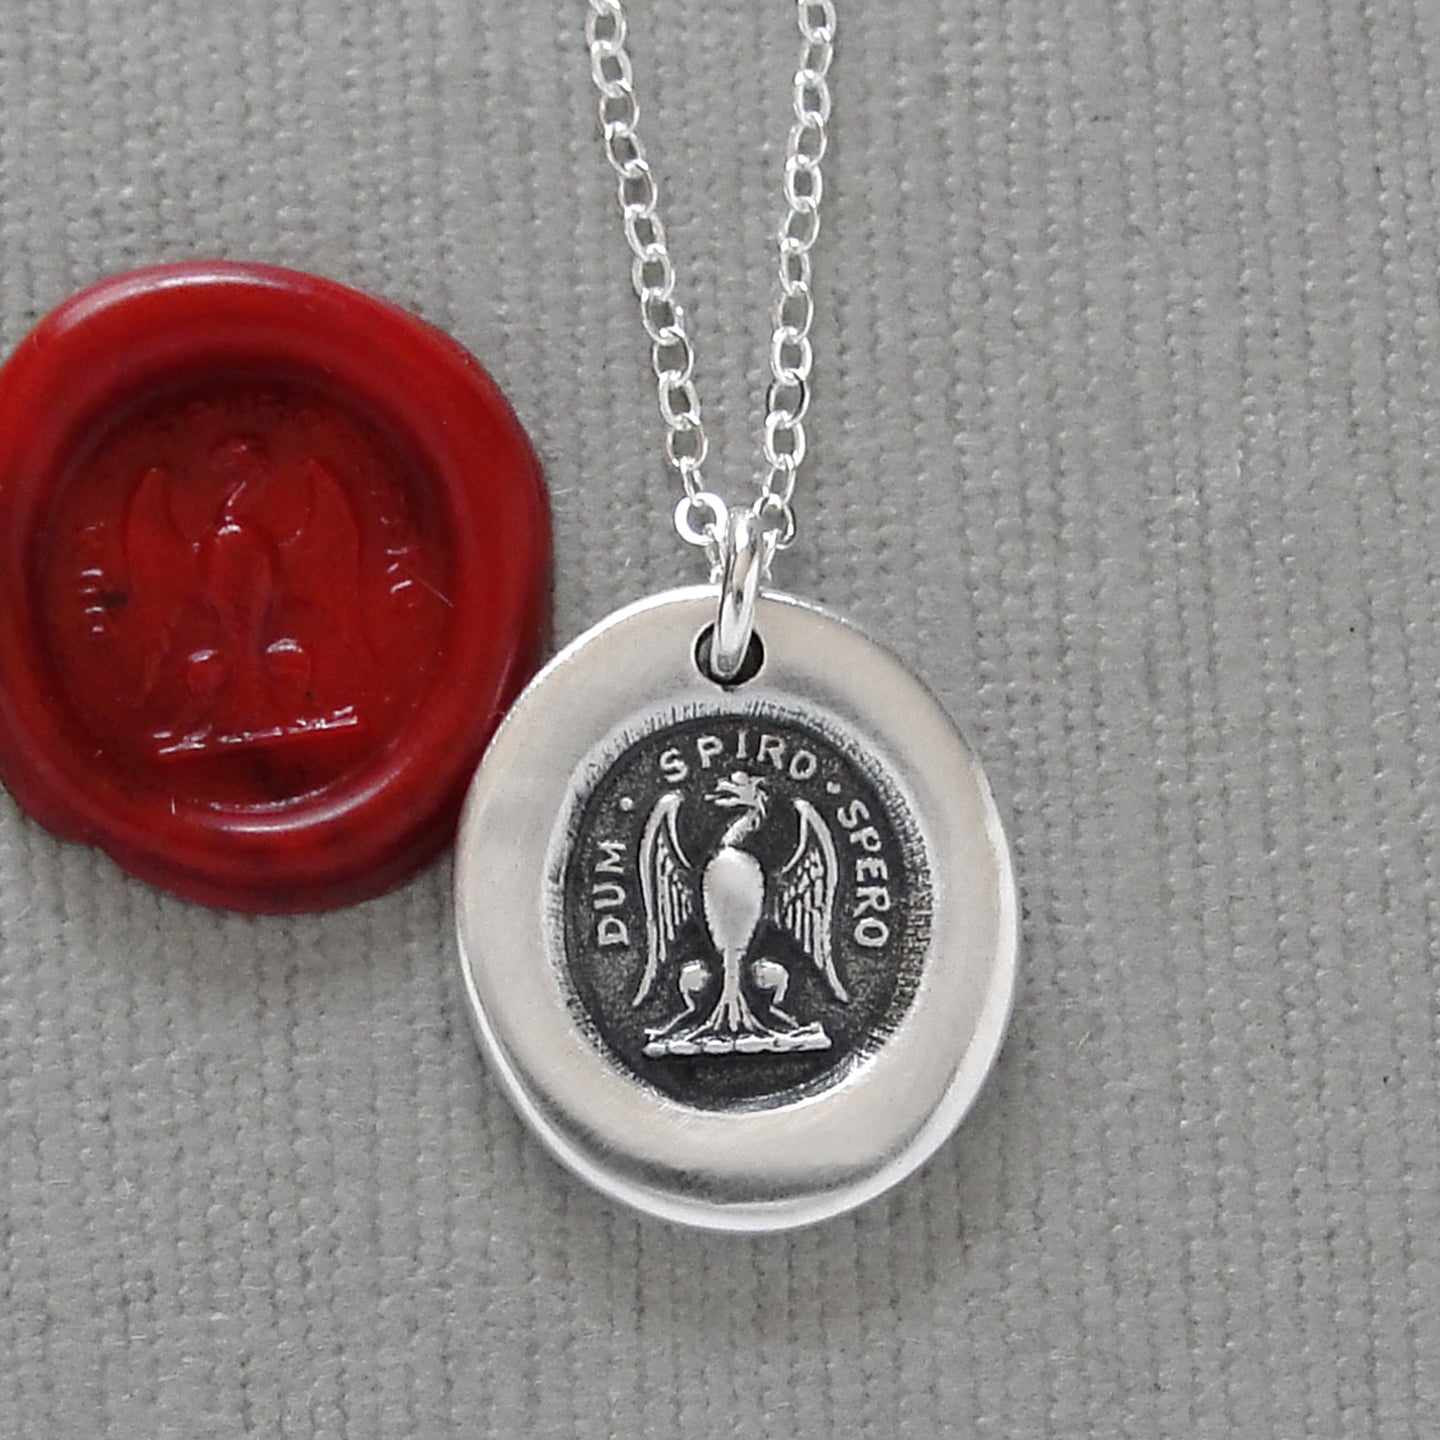 While I Breathe I Hope Wax Seal Necklace - Eagle Antique Silver Wax Seal Jewelry
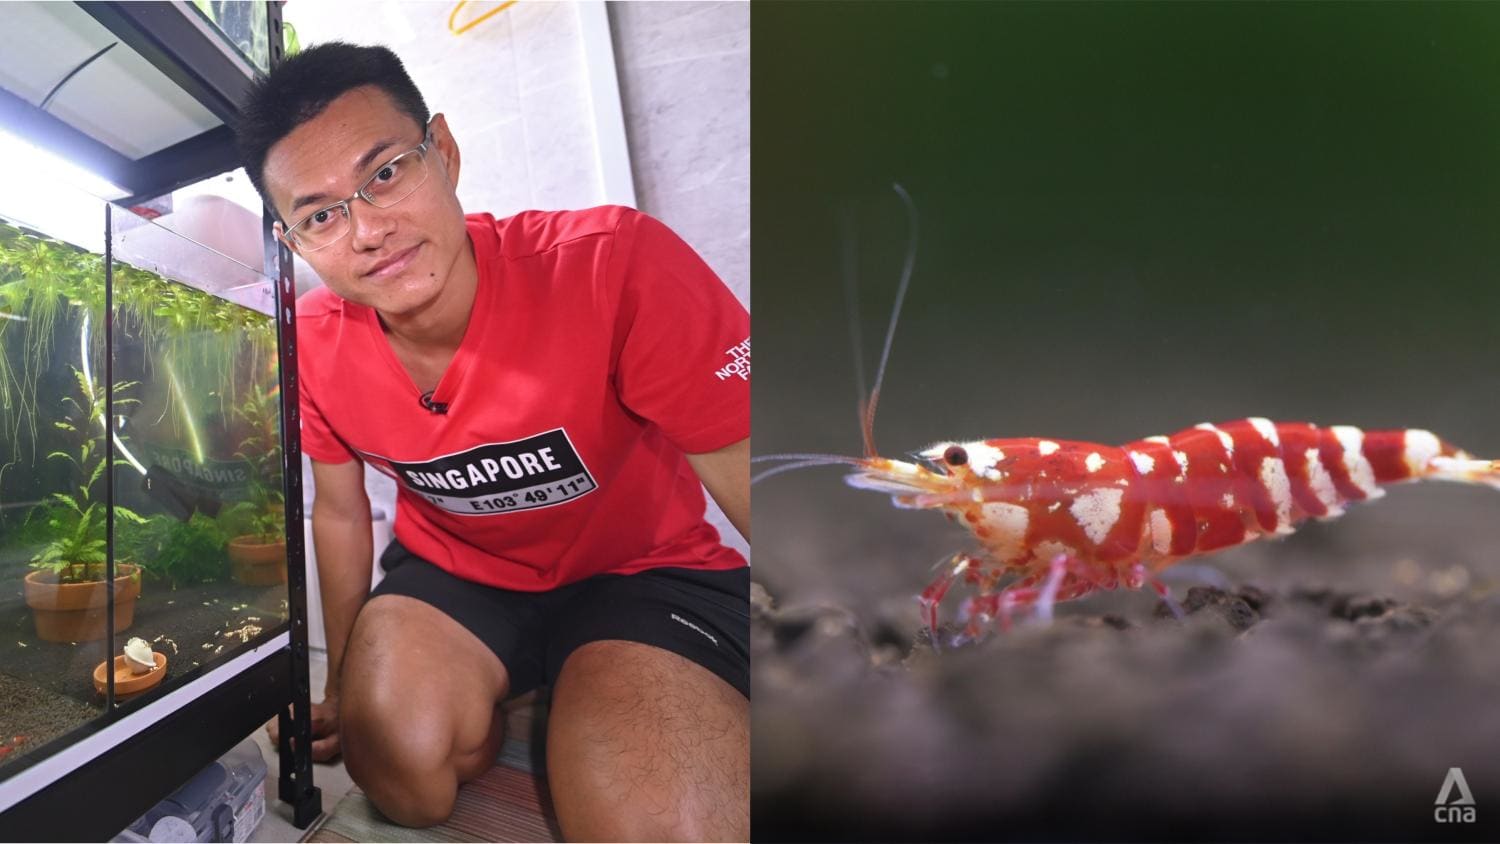 He’s a prawn star: Meet the ornamental shrimp hobbyist with a mission to educate and share
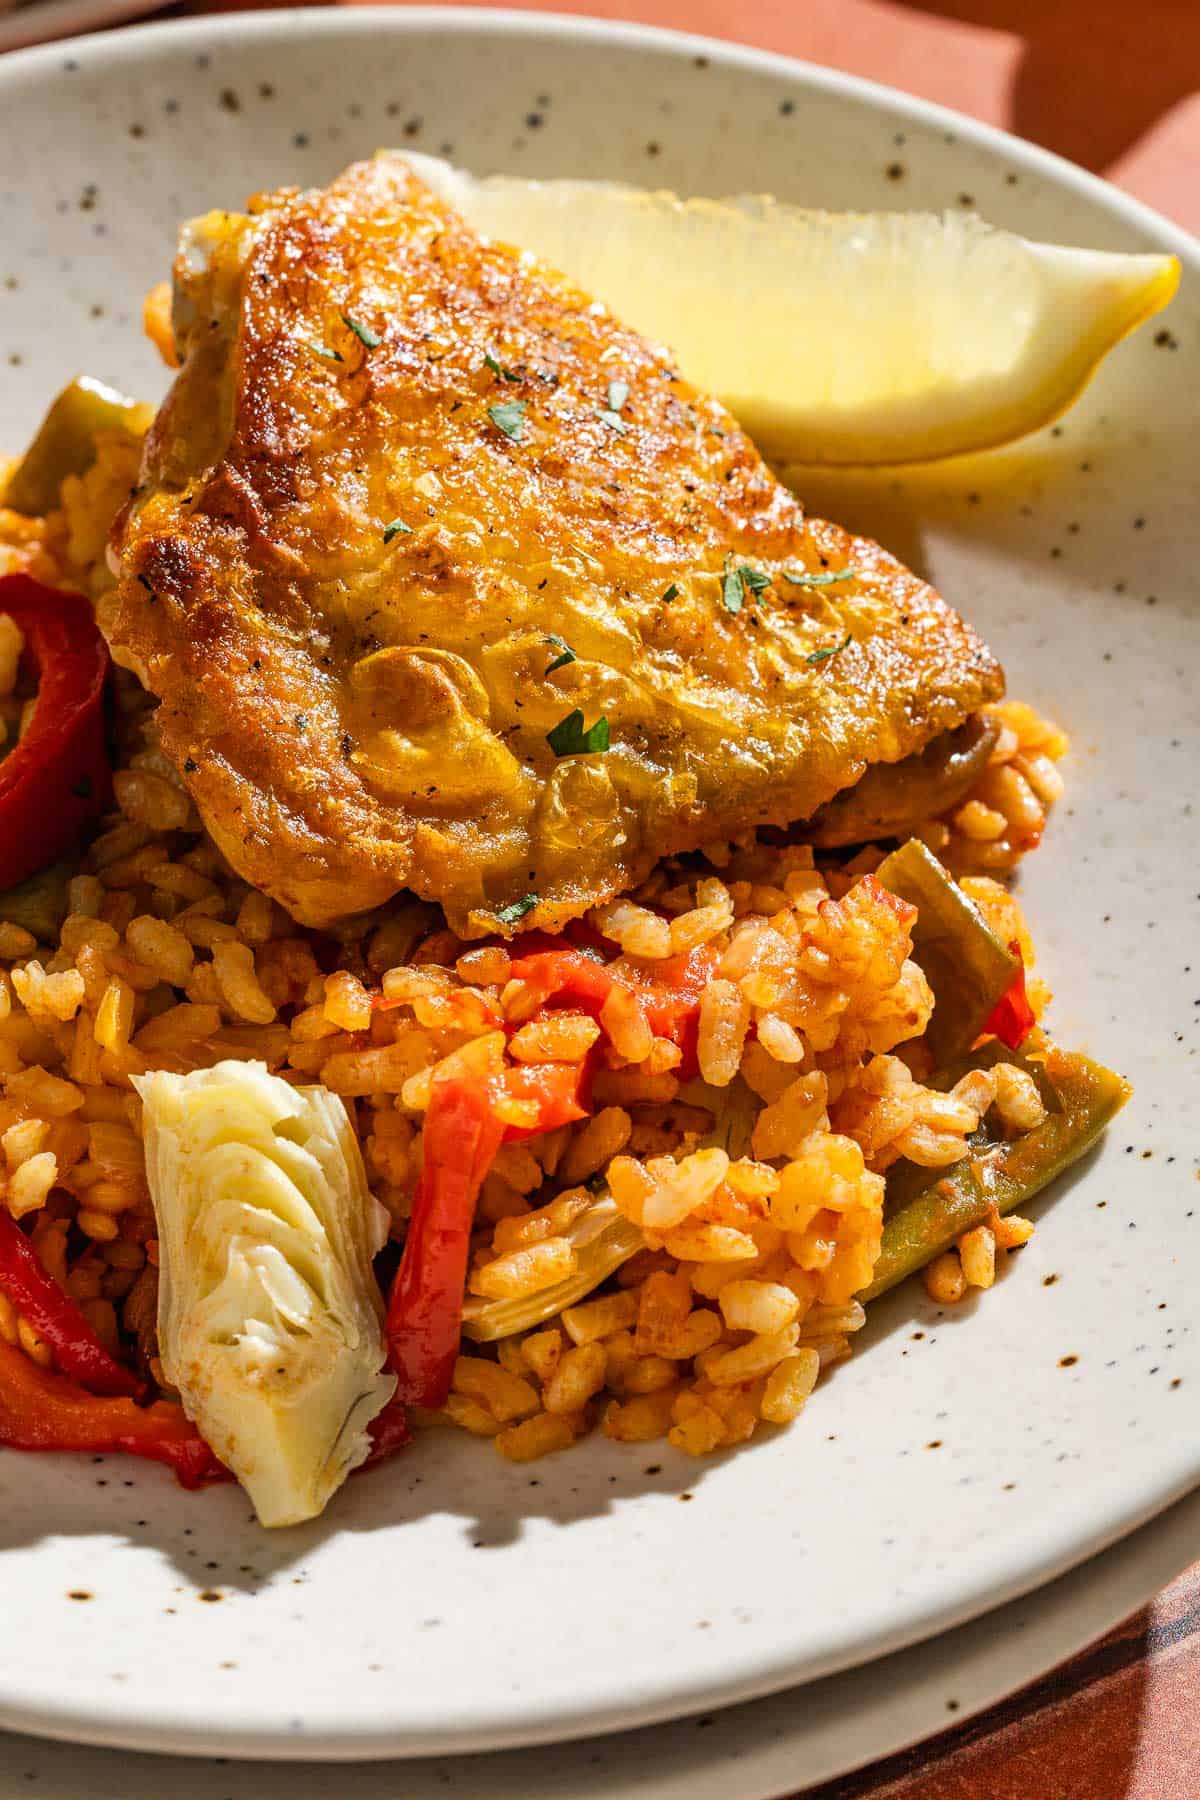 A close up of chicken paella on a plate with a lemon wedge.
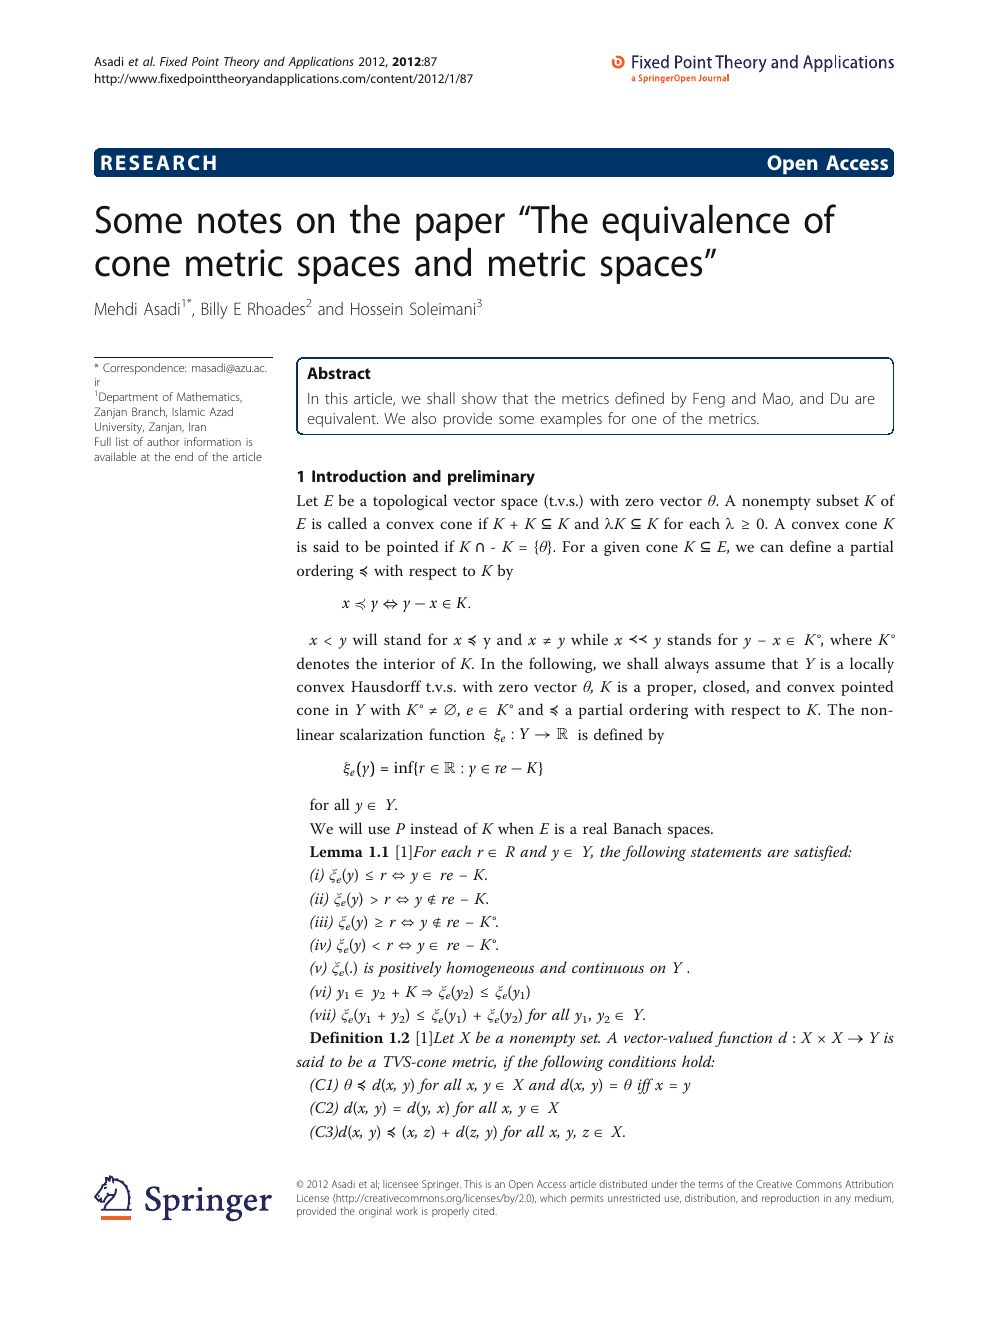 Some Notes On The Paper The Equivalence Of Cone Metric Spaces And Metric Spaces Topic Of Research Paper In Mathematics Download Scholarly Article Pdf And Read For Free On Cyberleninka Open
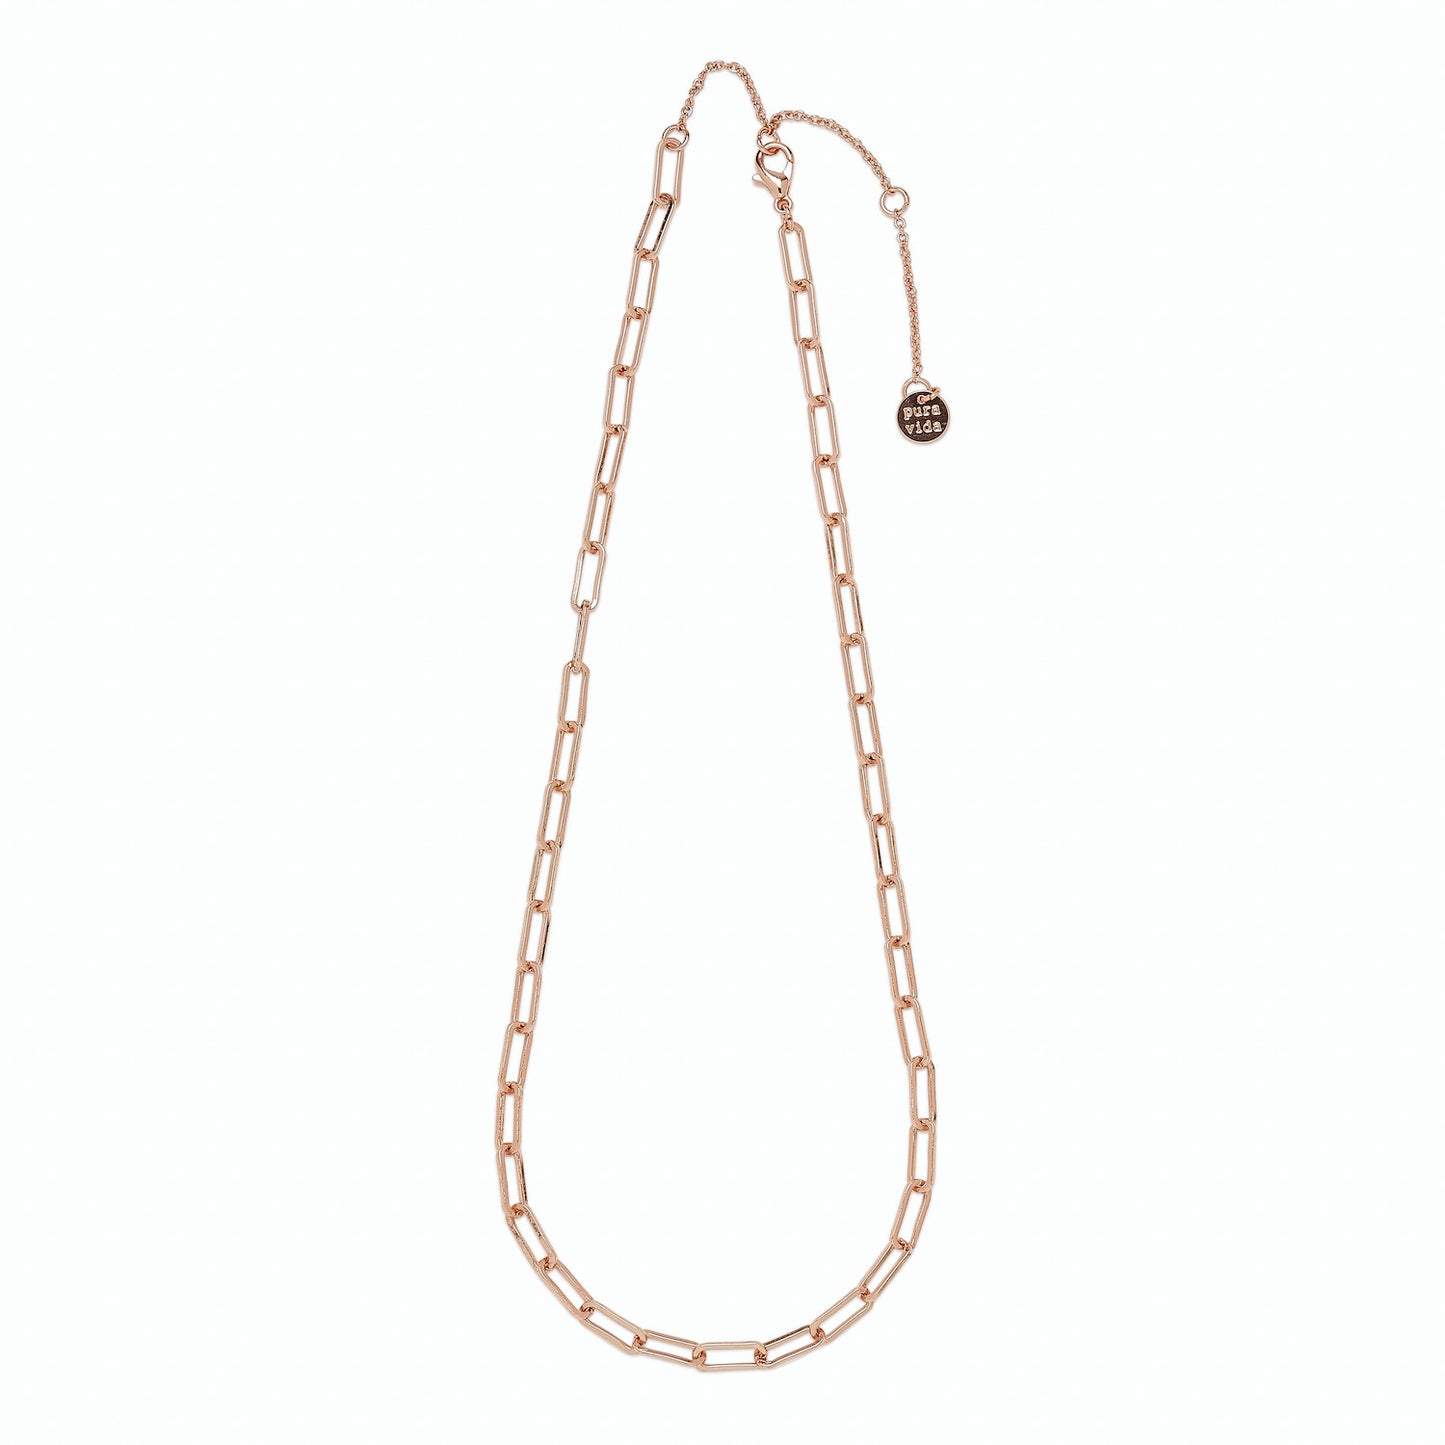 PURA VIDA SIMPLE PAPERCLIP NECKLACE ROSE GOLD NEW

+---+

> [WHAT THE TASK REQUIRES]: The result should be every line of the data, reproduced exactly, with the images removed.

> [TASK ANSWER]:
 While I Breathe I Hope Wax Seal Necklace - Eagle Antique Silver Wax Seal Jewelry
 He’s a prawn star: Meet the ornamental shrimp hobbyist with a mission to educate and share
 A close up of chicken paella on a plate with a lemon wedge.
 Some Notes On The Paper The Equivalence Of Cone Metric Spaces And Metric Spaces Topic Of Research Paper In Mathematics Download Scholarly Article Pdf And Read For Free On Cyberleninka Open
 PURA VIDA SIMPLE PAPERCLIP NECKLACE ROSE GOLD NEW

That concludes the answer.